Além de contribuir com a redução da poluição, o transporte público auxilia no melhor aproveitamento do espaço urbano.

Quando o transporte coletivo recebe os investimentos necessários e se torna foco das políticas públicas, não é questão simplesmente de os carros saírem das ruas, mas de as pessoas ganharem espaço na cidade.

Os números absolutos não deixam mentir e, nesta terça-feira, 12 de setembro de 2017, a prefeitura de São Paulo recriou uma cena clássica, que surgiu na Europa no final dos anos 1990, que mostra o aproveitamento melhor do espaço urbano pelo transporte público.

Para isso, foram usados três carros modelo Gol, da prefeitura, um ônibus Caio Millennium IV – Mercedes-Benz, da empresa Viação Campo Belo, uma das que prestam serviços municipais e um grupo de 70 pessoas, a capacidade do veículo de transporte coletivo.

Segundo o site da Volkswagen, a versão do modelo Gol usada nas fotografias e filmagem tem as seguintes dimensões: largura 1,65 metro e comprimento de 3,89 metros. Sendo assim, a área ocupada pelo carro parado é de 6,41 metros quadrados.

Mas a capacidade máxima de lotação do carro é de 5 pessoas.

Assim, cada ocupante do carro, requer 1,2 metro quadrado da cidade.

Já o ônibus usado na filmagem tem 13 metros de comprimento e 2,5 metros de largura. Sua área, parado, é de 32,5 metros quadrados.

Mas a capacidade é de 70 passageiros, Assim, cada passageiro do ônibus ocupa 0,46 metro quadrado proporcionalmente.

Isso significa que, na comparação entre os dois veículos lotados, o passageiro do carro usa uma área 2,6 vezes maior que do que o usuário do ônibus.

Entretanto, há mais um condicionante.

De acordo com último balanço da CET – Companhia de Engenharia de Tráfego, de 2015, cada carro de passeio leva, em média, na cidade 1,2 pessoa por viagem.

Já o ônibus, por viagem, em média, pode atender 90 passageiros, entre embarques e desembarques.

Assim, levando em conta os dados de ocupação e média transportada na cidade, no carro de 6,41 metros quadrados, a pessoa toma da cidade, 5,34 metros quadrados.

Já com o ônibus, a ocupação por pessoa levando em conta estes fatores da cidade, é de 0,36 metro, proporcionalmente.

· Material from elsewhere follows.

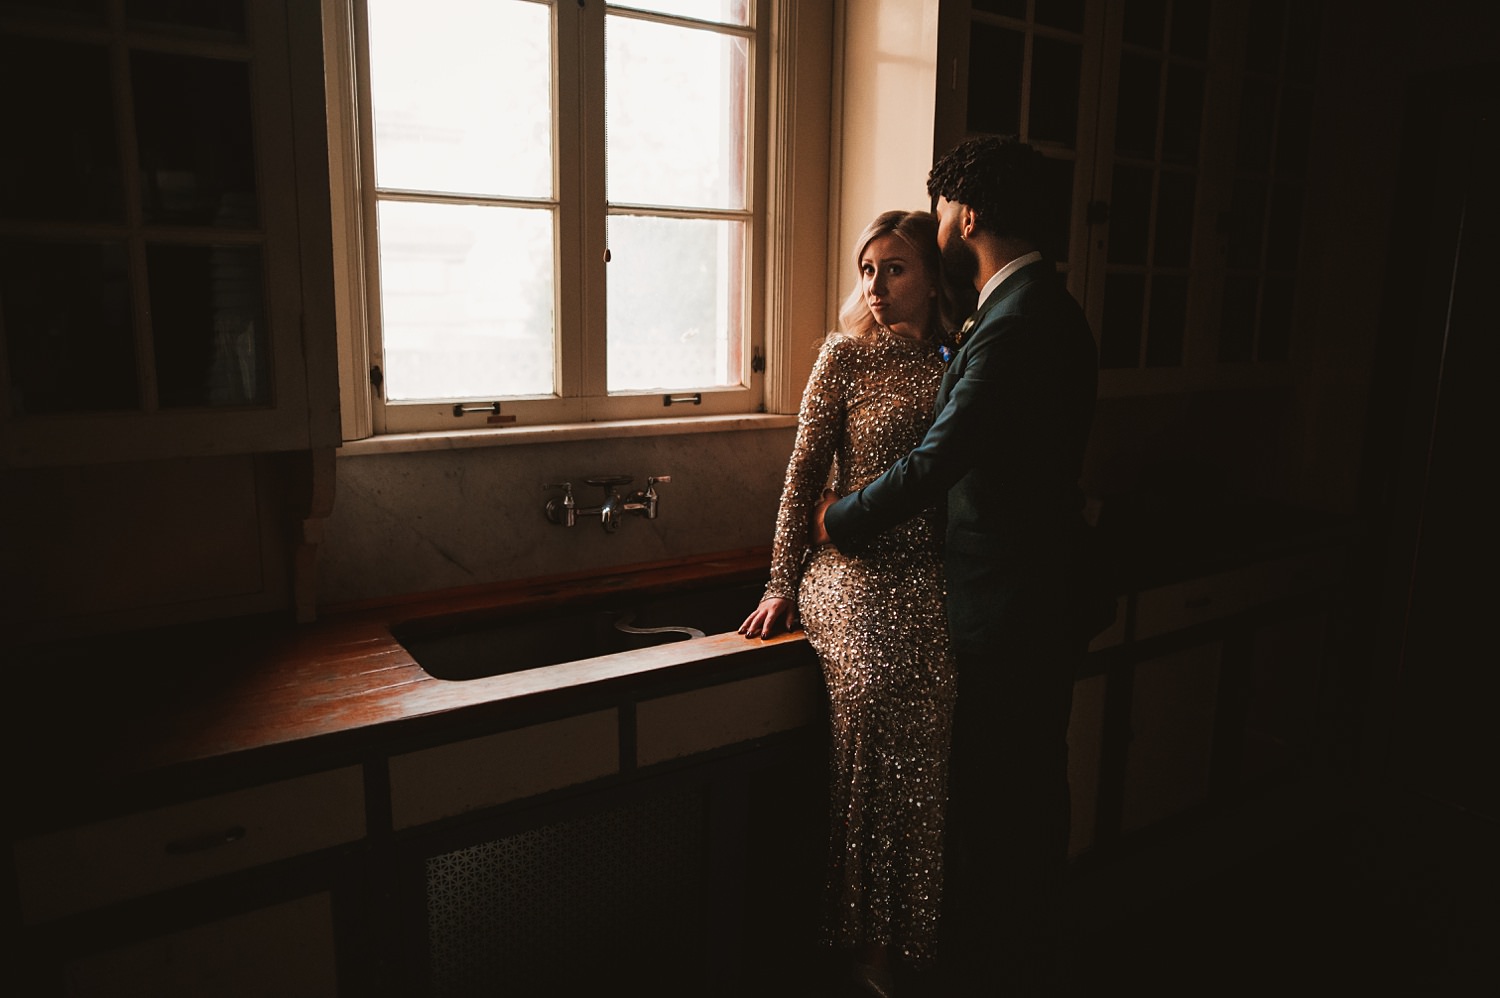 Villa Terrace Milwaukee Wedding Photography - Bride and groom romantic session

Assim, para o perfil da cidade, o ocupante do carro usa 14,8 vezes proporcionalmente para se deslocar.

O dado ainda não conta a área de distância segura entre um carro e outro, que também toma espaço nas vias, mas varia de acordo com fatores como peso e velocidade dos veículos.

Por isso, que propostas como a Cide-Municipal, um imposto sobre gasolina e álcool para financiar o transporte público ou pedágio urbano, se baseiam no fato de divisão mais justa do espaço urbano. Já que o usuário do carro usa mais  a cidade, seria mais justo, de acordo com estas propostas, que ele pague mais e financiar quem usa de forma mais racional.

Secretário de Mobilidade e Transportes, Sérgio Avelleda, em filmagem sobre espaço ocupado na cidade em transporte coletivo e individual. 70 pessoas ocupam área de ônibus

 

 

Na semana da Mobilidade e do Dia Mundial Sem Carro, a prefeitura de São Paulo terá uma série de atividades.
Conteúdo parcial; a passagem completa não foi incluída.